Kevin Keller, MD, says the NavaClick Injection System improves efficiency and accuracy of neurotoxin injections with its metered-dose syringe, which injects exactly 0.2 ml with each audible and tactile push of the plunger, allowing practitioners to keep their eyes on the patient instead of the graduation lines. The system also boasts needle-free preparation, aseptic transfers, low-dead-space designs, and ultra-thin needles.

Q: WHAT IS THE NAVACLICK INJECTION SYSTEM?

NavaClick is a new delivery system for neurotoxin. Many will sympathize with the problems associated with traditional methods of preparing and delivering neurotoxin to patients. Those of us who have been doing neurotoxin injections for years have likely found a system that works, which may not always be the simplest or most accurate. The most common inconveniences surround reconstitution—getting the toxin in a syringe without dulling needles—and the inconsistencies of human error when injecting.

NavaClick is a system that provides answers to these problems and more. The system includes low-dead-space vial adapters that will fit any neurotoxin bottle. The entire system is luer-lock based, so reconstituting and preparing for delivery is totally needle-free. The star of the system is a metered-dose syringe that delivers exactly 0.02 ml per advancement and is more accurate than the lines printed on the syringe. The syringe also has an audible click with each advancement and a tactile sensation that tells when the advancement has occurred. The needle provided with each syringe is 33-gauge and extremely sharp, but better yet, the coating on the needle allows the provider to perform the entire treatment, regardless of the number of injections, with improved comfort to the patient.

Q: HOW ARE YOU USING THE DEVICE?

I begin all my injections by explaining to my patients why they might hear a subtle click. Then I mark the areas of aggressive movement and do not have to make the patient move again during the treatment. I always explain that, based on the clicks, I can make their treatment plan very specific and reproducible for myself or anyone in my office to follow. It’s also easy to adjust their treatment plan based on their outcomes. Finally, I pass the cost of the system along, and they have no problem paying for the improved experience.

Q: WHAT BENEFITS HAVE YOU SEEN SINCE INCORPORATING THE DEVICE?

I must confess. I have always prided myself on being a good injector, but I am convinced that NavaClick has made me a better injector. Because I am doing the entire treatment with a single, metered-dose syringe and needle, I am much faster, and I am extremely accurate.

Now, this is an “aha” moment. I am 59 years old and wear readers. I do not need to look at the syringe because I can hear and feel every advancement. I can focus on the level of my injection—dermal or intramuscular—and watch the injection site without interruption. Even better, because I do not need to watch the lines, I can do the full treatment from one side of the bed.

Creating less waste is a surprise benefit. The whole system ensures less neurotoxin waste, especially due to over-injecting. I am also throwing far less waste into my trash and sharps bins.

The patient data from the institutional review board has not been completed, but I will summarize the obvious subjective findings.
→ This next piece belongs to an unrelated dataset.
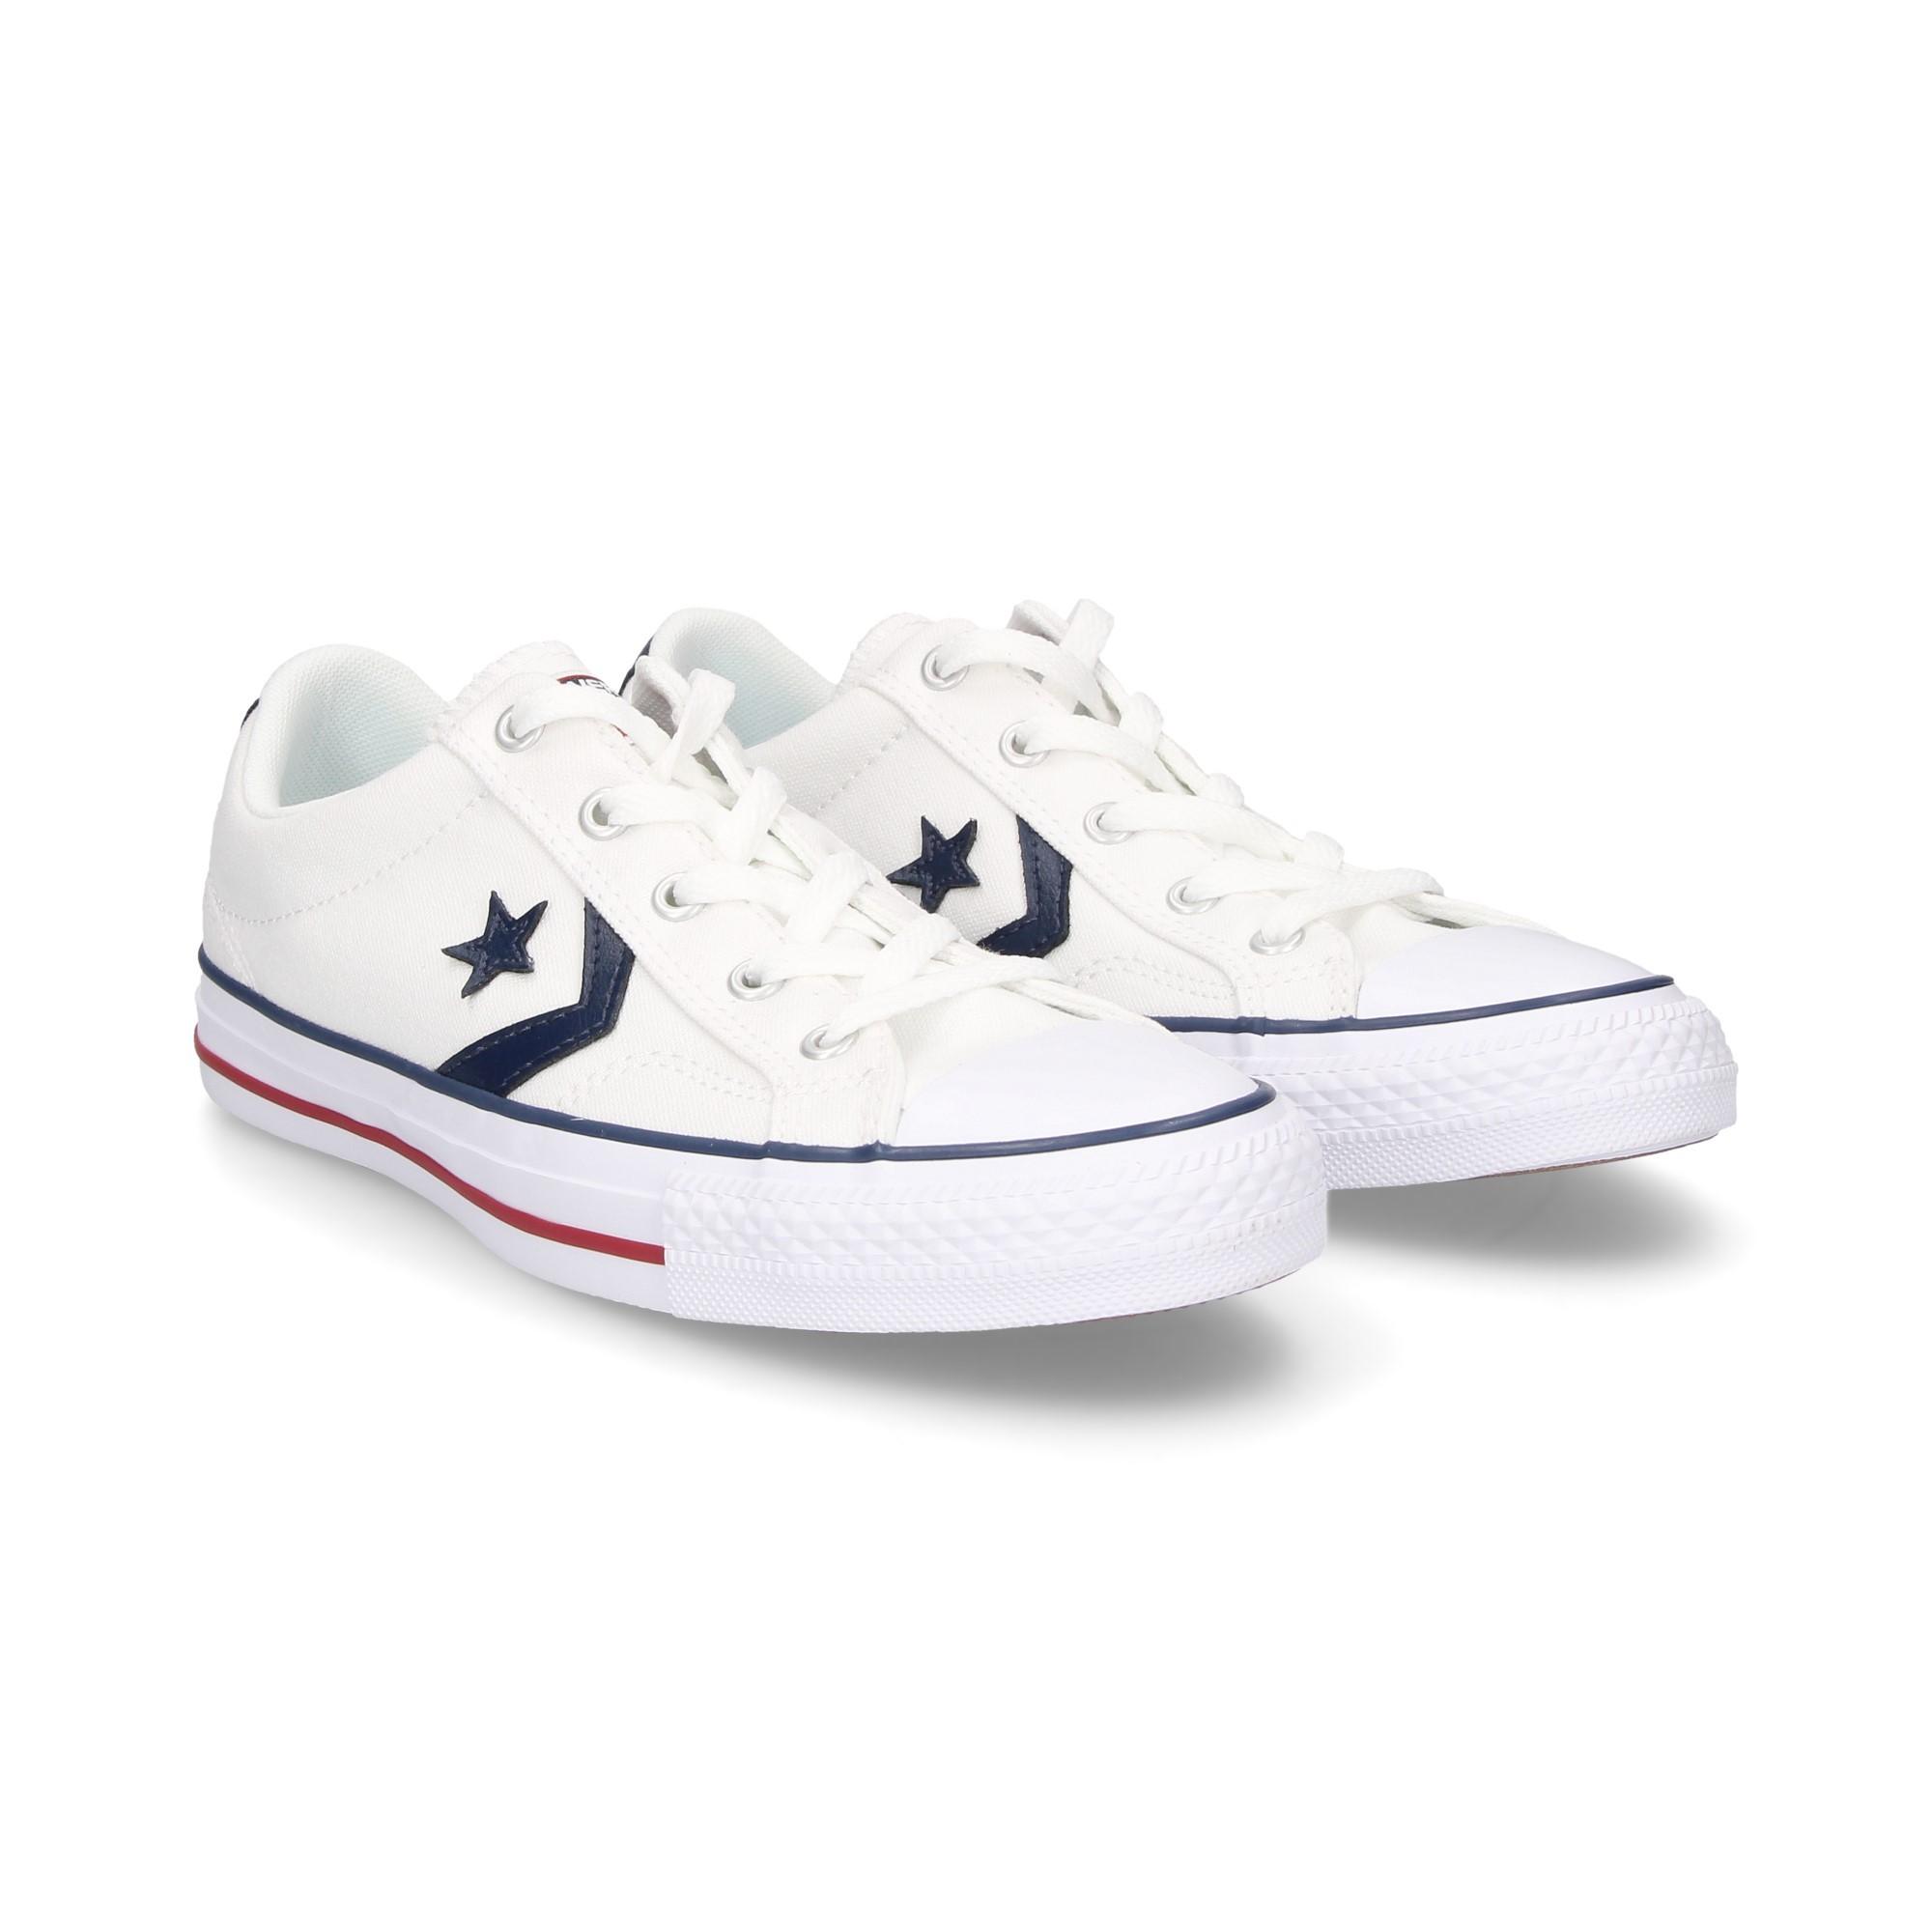 0ceb6c4128af CONVERSE Men s sneakers 144151C BLANCO

With very few exceptions, patients experience less discomfort with the NavaClick, and there isn’t any crunching. It is also the consensus that there is less bruising. Now, let me be clear: That is less comfort and less bruising, not the complete absence of the two. I have always required ice with my treatment, but now I do not.

The initial finding as we track our progress is that our touch-up rate is significantly reduced with the accuracy of the device.
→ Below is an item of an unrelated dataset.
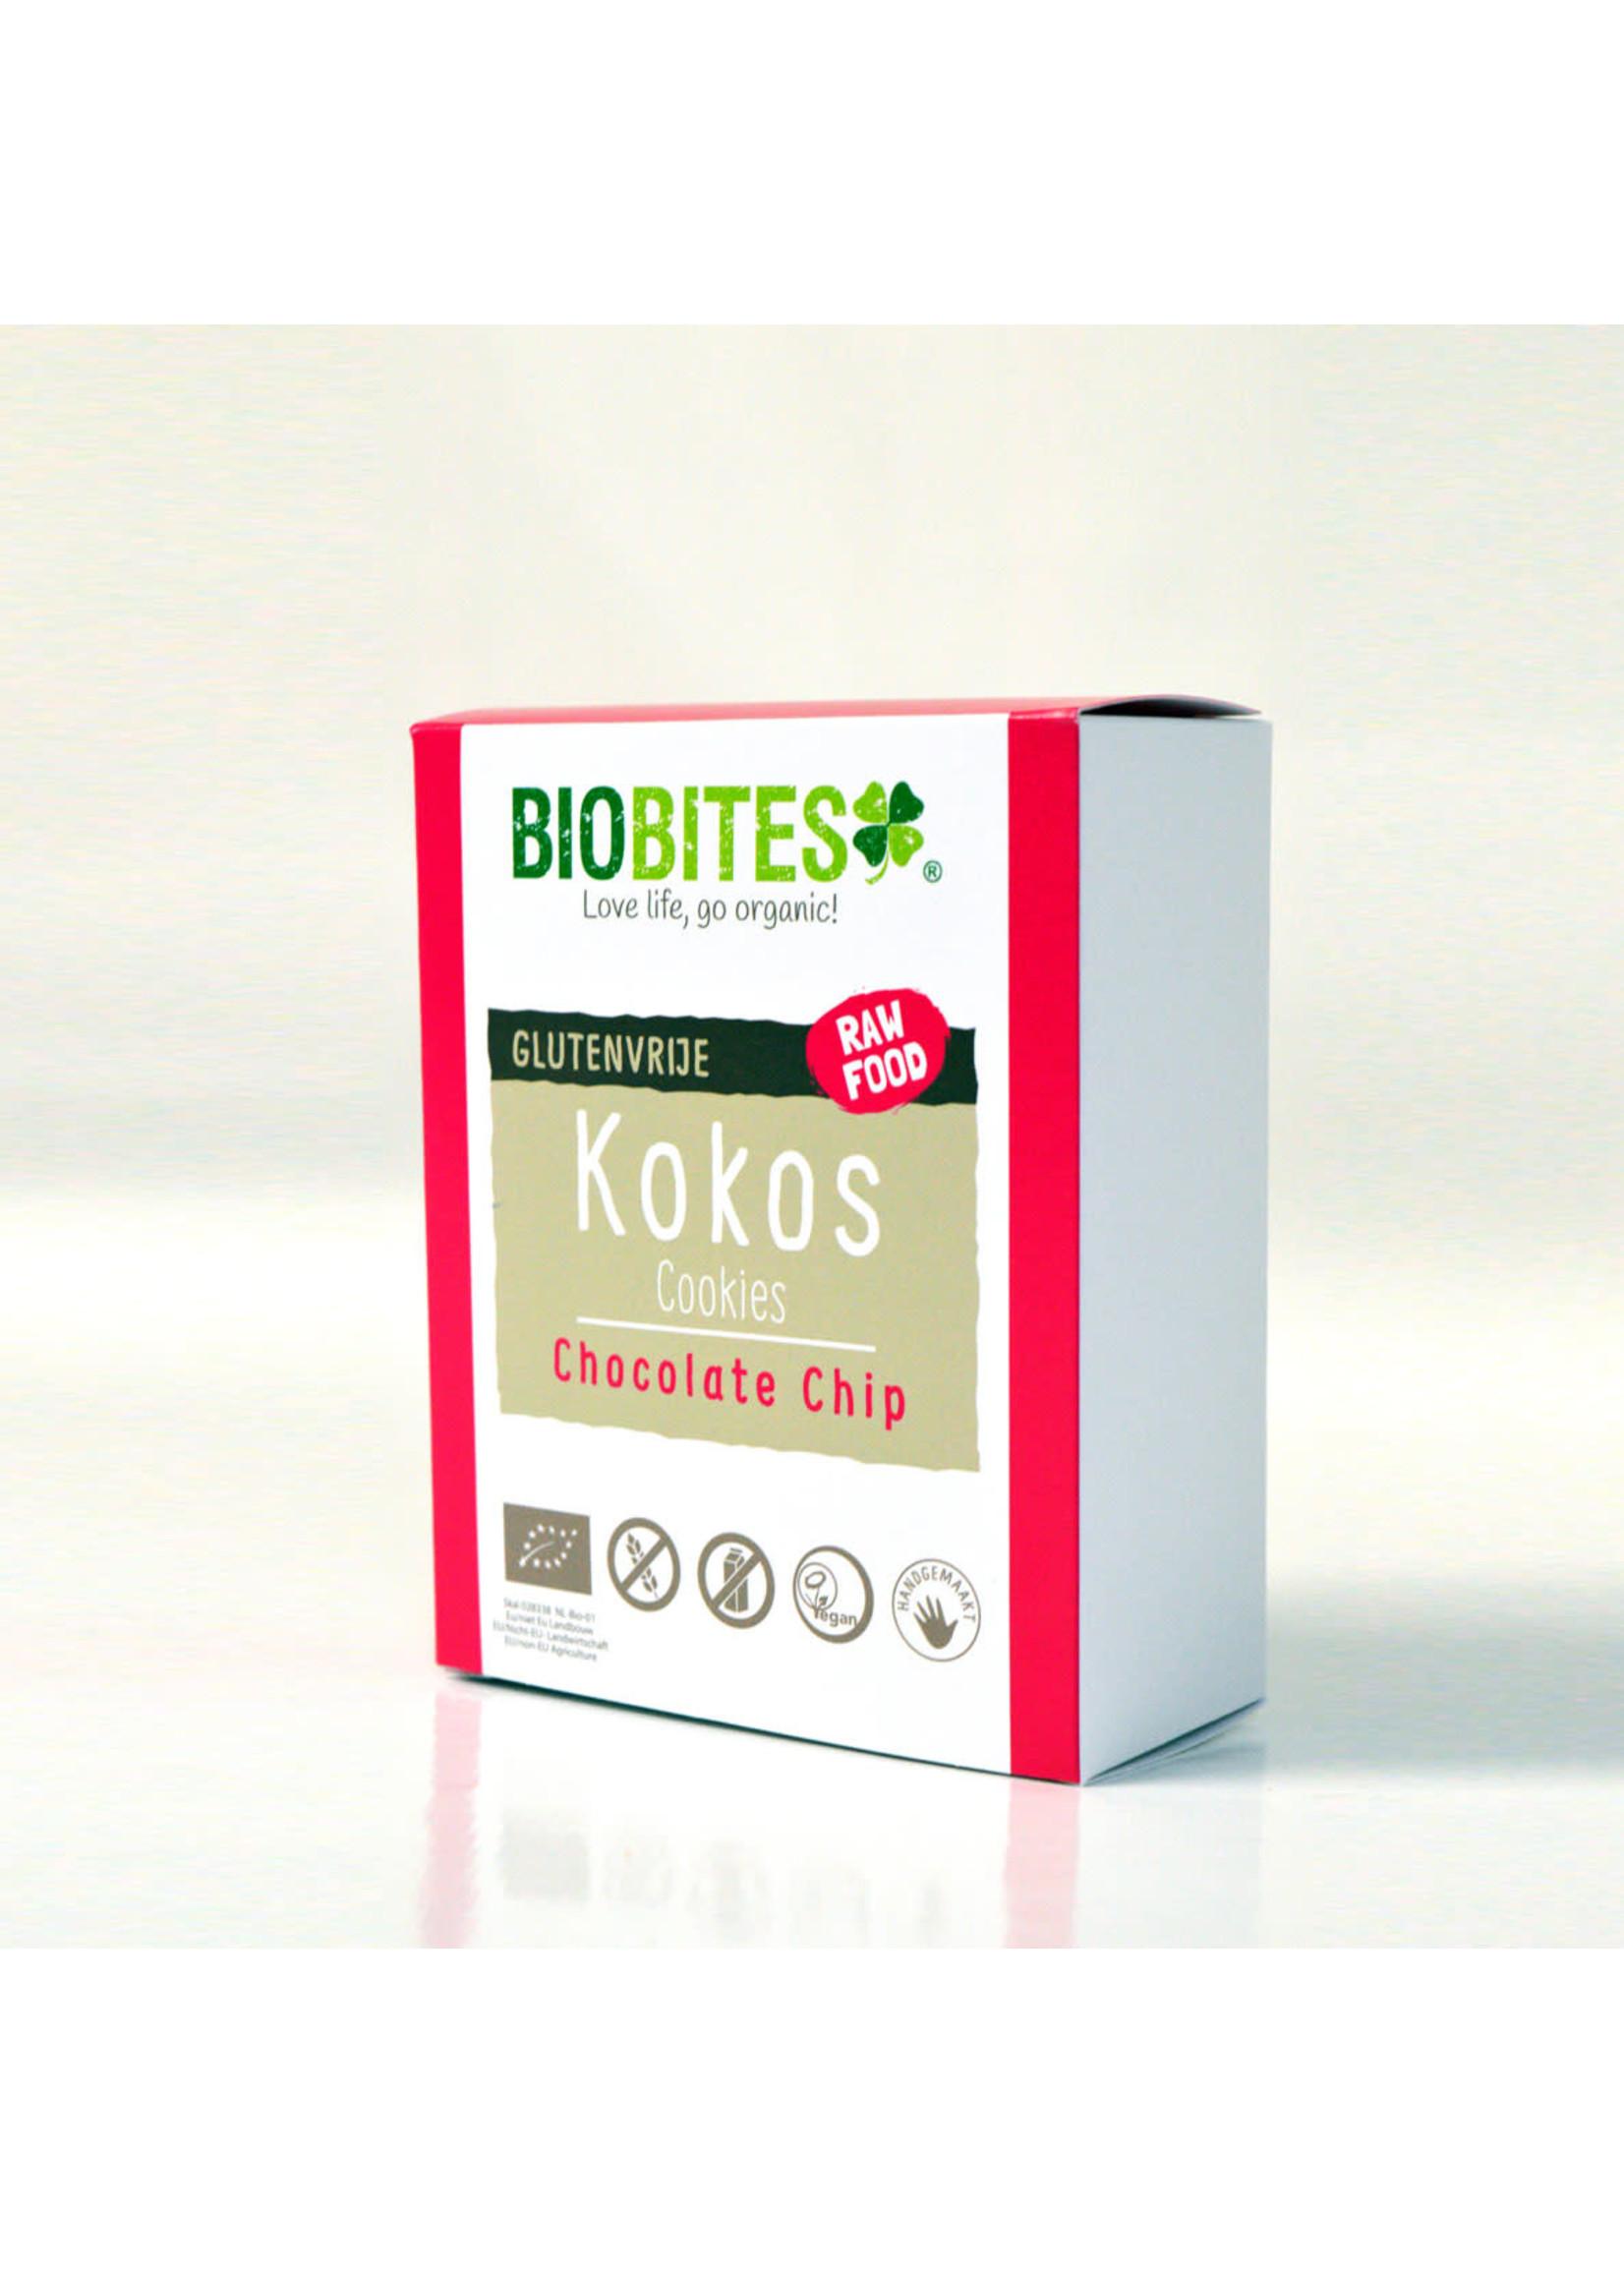 Biobites Koekjes Biobites

I realize changing one’s routine can be frustrating at first, but I promise it is worth the effort. I am more efficient, more accurate, and less wasteful. Patients are much happier and do not dread their treatment.

Q: IS THERE A LEARNING CURVE?

In a matter of minutes with a nonsterile demonstration, most injectors—regardless of their experience—understand the technique and see the potential benefits. If an injector is comfortable with a 1-cc syringe, there is no significant learning curve.

However, I found from my own experience and others I have worked with, including my midlevel injectors, there is an adoption curve. When a provider is so accustomed to doing anything a certain way, some adjustments are required for the new way to become as comfortable as the old one. I recognized this when I started with the institutional review board to obtain patient feedback and user input. We only enrolled patients with previous toxin injections, so first-time patients were injected using our old technique. This made us go back and forth, which slowed my ability to adopt the NavaClick. When I was approximately 20 patients into the study, I no longer had to think about the differences, and it became second nature. Now that I am exclusively using NavaClick, it is my new routine, and my staff will not go back. They love it.

Providers have all learned to treat with various reconstitution dilutions, so this may be a source of confusion. NavaClick was designed for a 2-ml dilution, but with minimal effort and the provided chart, any dilution can be used easily. Basically, it comes down to five clicks equal every 0.1 ml marked on a 1-cc syringe.

My take-home message is to give yourself five to 10 patients in a row using NavaClick without going back and forth and you will find your own way to improve your efficiency and accuracy.

Disclosure: Dr. Keller is the co-founder of Lineage Biomedical, which manufactures the NavaClick Injection System.